= Denny Schaffer =

Denny Schaffer is a radio talk show host based in Toledo, Ohio. He left WQQO to host The 5:30 Club on 93.5 WRQN. He previously hosted a morning show on WWWM-FM, WRNO-FM and an evening show on WGKA 920 in Atlanta from 9 - 11 pm which WGKA moved to 8- 10 pm a few months before Denny was offered a gig in New Orleans.

Schaffer came to Atlanta to host a show on 640 WGST until November 21, 2006, when Clear Channel, the company which owns WGST, replaced all of its local hosts with syndicated programming.

Denny has since done several guest host spots on the nationally syndicated radio talk show "The Glenn Beck Program" as well as launched an Internet-based talk show named "DennyRadio 24/7", which aired weekdays at 10 AM until the WGKA program began.
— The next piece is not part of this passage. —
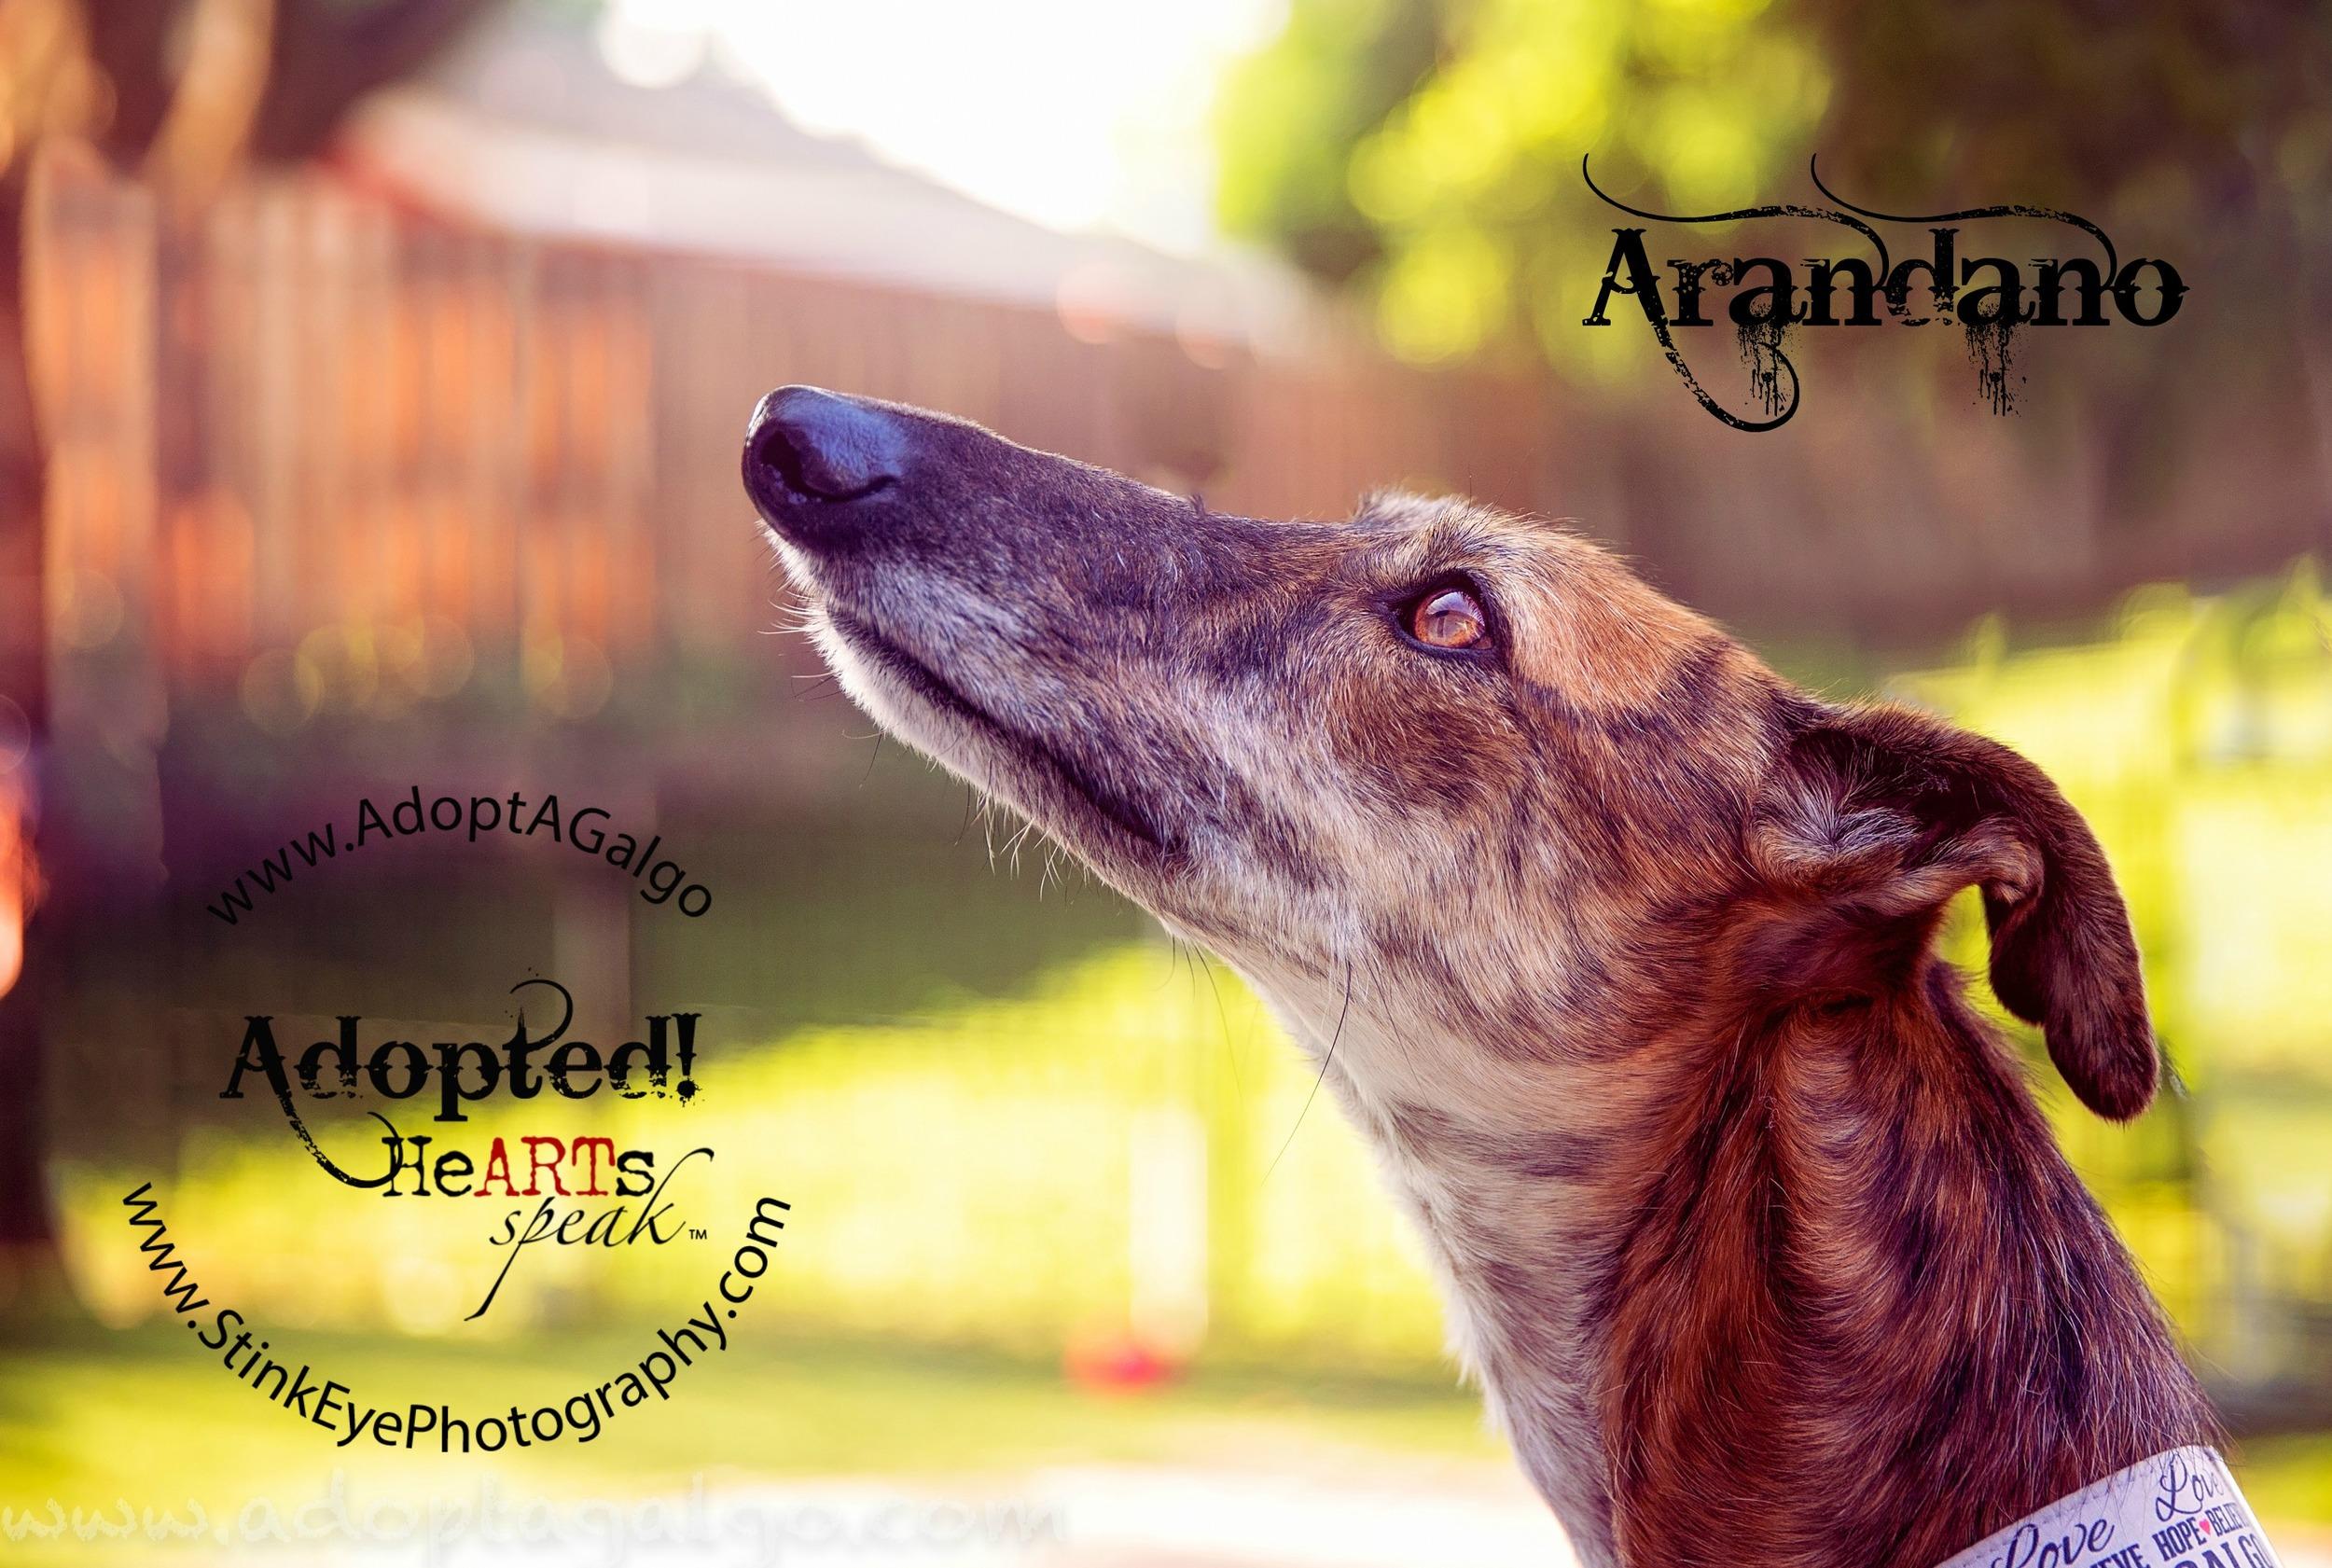 Arandano-Adopted.jpg
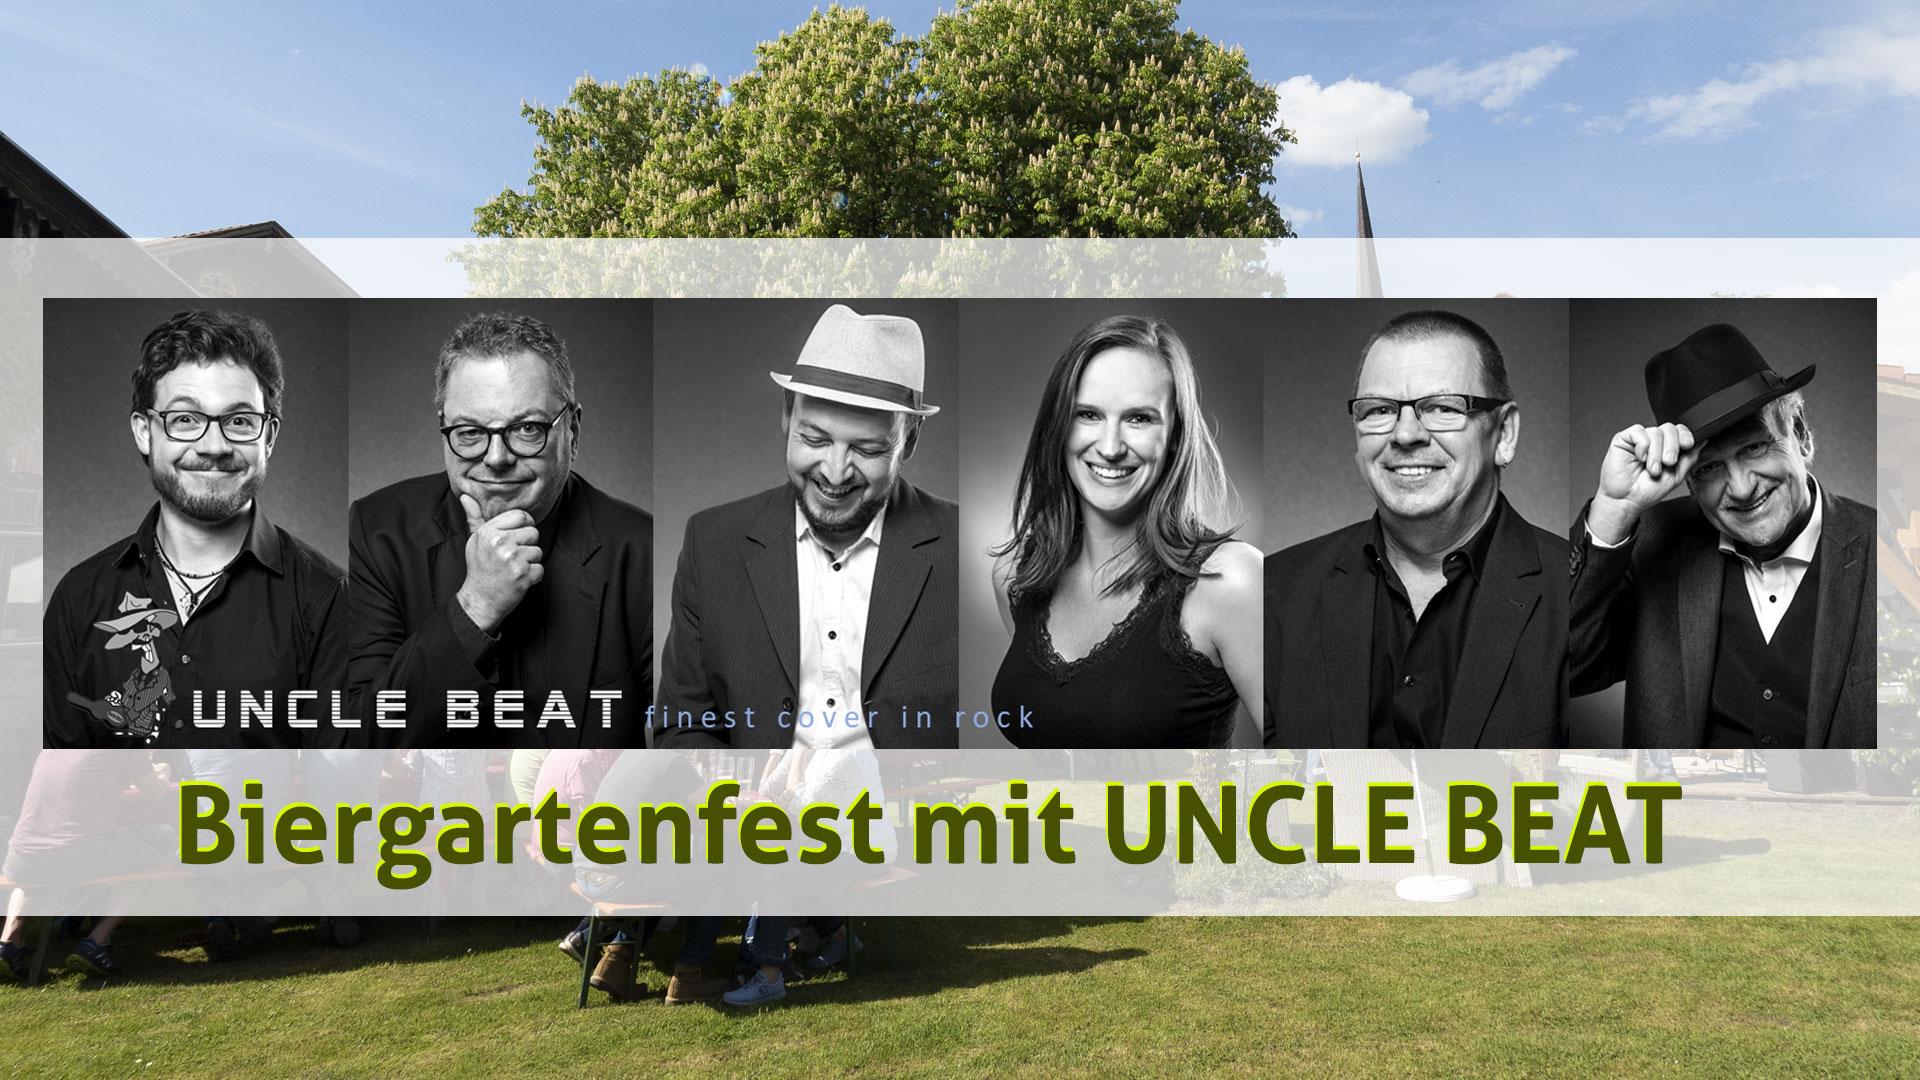 Biergartenfest mit Uncle Beat

Prior to working at WGST, Denny was a host on WSPD, also in Toledo. Before WSPD, Denny was a DJ for the "Breakfast Club" on WVKS 92.5 FM. During the mid-1980s, Schaffer worked at WCZY Z95.5 FM (now WKQI) as "Dancin'" Denny Schaffer, host of the "Z Zoo at Night." Afternoon Drive on 99.5 WLOL in Minneapolis.

==DennyRadio.com==
DennyRadio.com (DennyRadio 24/7) began in June 2007, and was the home of Schaffer's live 10 AM-12 noon Internet show until October 2009. During the Internet show's run, it was also simulcast back to his former home market of Toledo, via WCWA AM 1230.

The current site broadcasts and archives Schaffer's evening show on Atlanta's WGKA. The program is no longer broadcast on Toledo radio, though Northwest Ohio listeners can continue to hear Schaffer via the Internet site.